Another day while I was eating in a restaurant, I was irritated over some troublesome case or problem, and as the idea unconsciously arose I found I was talking a bit to myself. (It’s common for Wall St. men to be caught doing this.) The man opposite me looked up, plainly showing alarm. I said, “I’m all right,” and went on eating as if he were satisfied I wasn’t dangerous.
The Automat in my neighborhood (west 72nd St.) has been open about three weeks, and it is still full. I say full, for it’s now 1:30 and the group floor is still full, with more coming in as I came out. I noticed they were apparently country people. Some of the restaurants near by are now regaining some of the old customers who left when the Automat first opened. But still, the Automat is full. Where do they come from? I know one man who has closed his house and he and his family, at least, use the Automat.
This place is cool, much more so than any of the others in the city. And yet it’s not cool enough these hot days. For I notice that after being in there a while, it seems to get hot. I wonder about that.

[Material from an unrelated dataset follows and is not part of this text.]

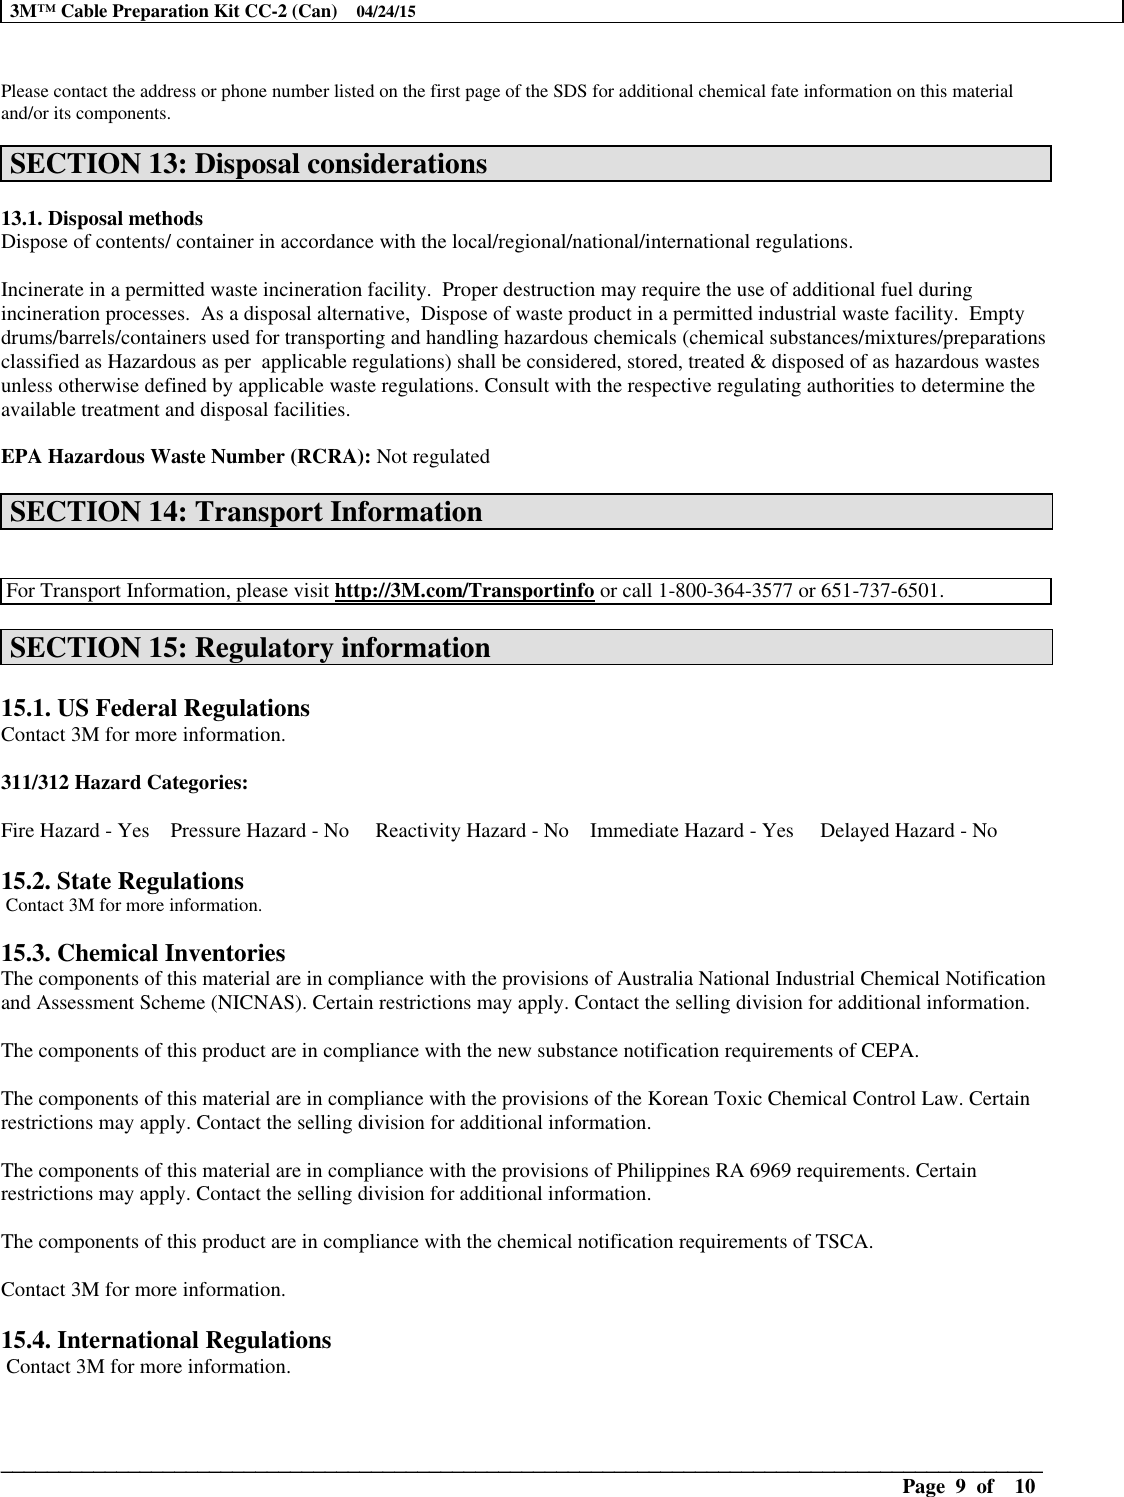 Page 11 of 12 - 127200-MSDS

As I dodge about a good deal in the city and visit Automats or other eating places, I have opportunity to criticize. For instance, I have never seen in a an Automat a boiled potato that was boiled enough, and I have noticed the fact in several. I also notice that while these places are clean, they could be cleaner, especially in the downtown ones where the rougher-dressed people come in. It is certainly a great attraction to have the floors scrupulously clean. This could be done by having a special boy with a mop doing nothing else all day.
There is another thing in regard to the quality of the food, which could be improved. Namely, Bickford’s has the best pies, especially apple pies, of any restaurant in New York. Now the Automat could do the same if they tried hard enough. They could be made from sour apples, which is not the case in the Automat. Childs used to have good apple pies, but they haven’t for several years – and I have lived in restaurants in New York for 35 years.
Boston beans are the best today in Bickford’s. They used to be all right in Childs. The Automat’s are good, but not the best.
Even today again, in an Automat way downtown, I noticed those hard-boiled potatoes.
A great advantage for the Automat is their toilet facilities. All one has got to do is to walk right in. No one to ask, no cashier to pass, help yourself either down or upstairs. And then eat as you choose, pie, or cake, or a nip of some kind. For anyone I’ve ever met agrees that these substitutes for the drinking place, one might say, have the best coffee in the United States, and only a nickel at that, hot or iced.
Aug. 29, 1931 at 6 P.M. I was in the Automat at about 27th St. and Fifth Ave. and the toilet was NOT scrupulously clean. The odor was bad.
Sept. 21st, a Jewish holiday, but the Automat is full as it was a week ago, another holiday. Not so with other restaurants around here.
Soya Flour, the most nutritious of all food products.